Оливер направил палец прямо в грудь Гольдштейну.
— Это же ловушка. Я хочу подать на нее в суд.
— Вы хотите, чтобы они допросили того сыщика. И эту вашу как-там-ее-звать. А затем появится пресса. И прежде чем вы успеете опомниться, у них будет готов сюжет для порнографического фильма. Желаете, чтобы ваши дети послужили для него отправным материалом?
Оливер посмотрел на свое блюдо, на котором лежали лососина, сливочный сыр и круглая булочка. Желудок болезненно сжался. Он потянулся в карман за маалоксом и сунул одну таблетку в рот.
— Однако вы уничтожили все доказательства. Поэтому им не на чем основывать обвинение. Они проморгали свой шанс, — Гольдштейн жадно посмотрел на блюдо перед Оливером и указал на нее сигарой. — Вы собираетесь есть?
Оливер толкнул к нему блюдо, и Гольдштейн принялся за еду.
— Бесчеловечность людей всегда расстраивает меня. А когда я расстроен, я хочу есть, — вздохнул Гольдштейн с набитым ртом, поднимая плечи, чтобы набрать в легкие воздуха. Оливер ждал, пока он проглотит. Этот процесс, казалось, может тянуться бесконечно.
— Это какой-то театр абсурда, — вздохнул Оливер. — Но на высоком техническом уровне. Развод становится частью шоу-бизнеса. Ничего не осталось святого.
— Только брак может считаться святым. Развод — нет.

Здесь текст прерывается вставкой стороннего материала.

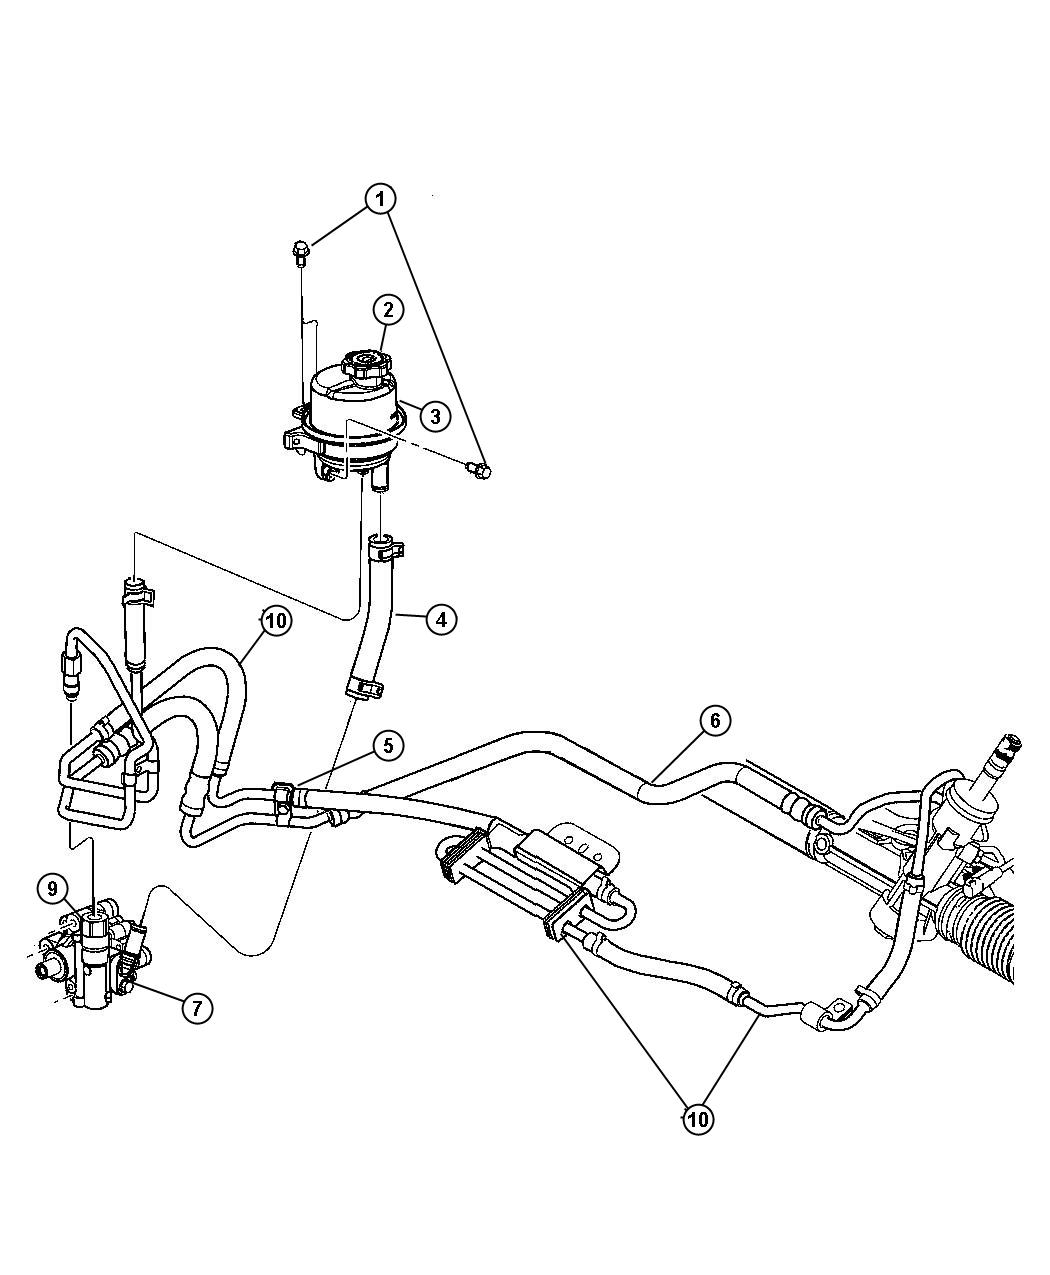 Dodge Avenger Pump Power Steering Assembly

Философические проповеди Гольдштейна действовали на нервы. Он упражняется на мне, вспоминая о миссии раввина. Оливер понимал, что в глубине души Гольдштейн никогда не считал себя маленьким коренастым человечком с дряблыми веками, толстыми щеками и брюхом, похожим на засунутый в штаны надувной шар. Штаны он носил высоко, черный кожаный ремень опоясывал Гольдштейна в том месте, где, по идее, должна была находиться его грудная клетка. В голом виде, прикинул Оливер, он похож на перекормленного херувима.
— Когда вы начинаете так говорить, мне хочется посмотреть вам за спину, не трепыхаются ли у вас там крылья, — съязвил Оливер. Он знал, что Гольдштейн собирается с силами для очередной проповеди.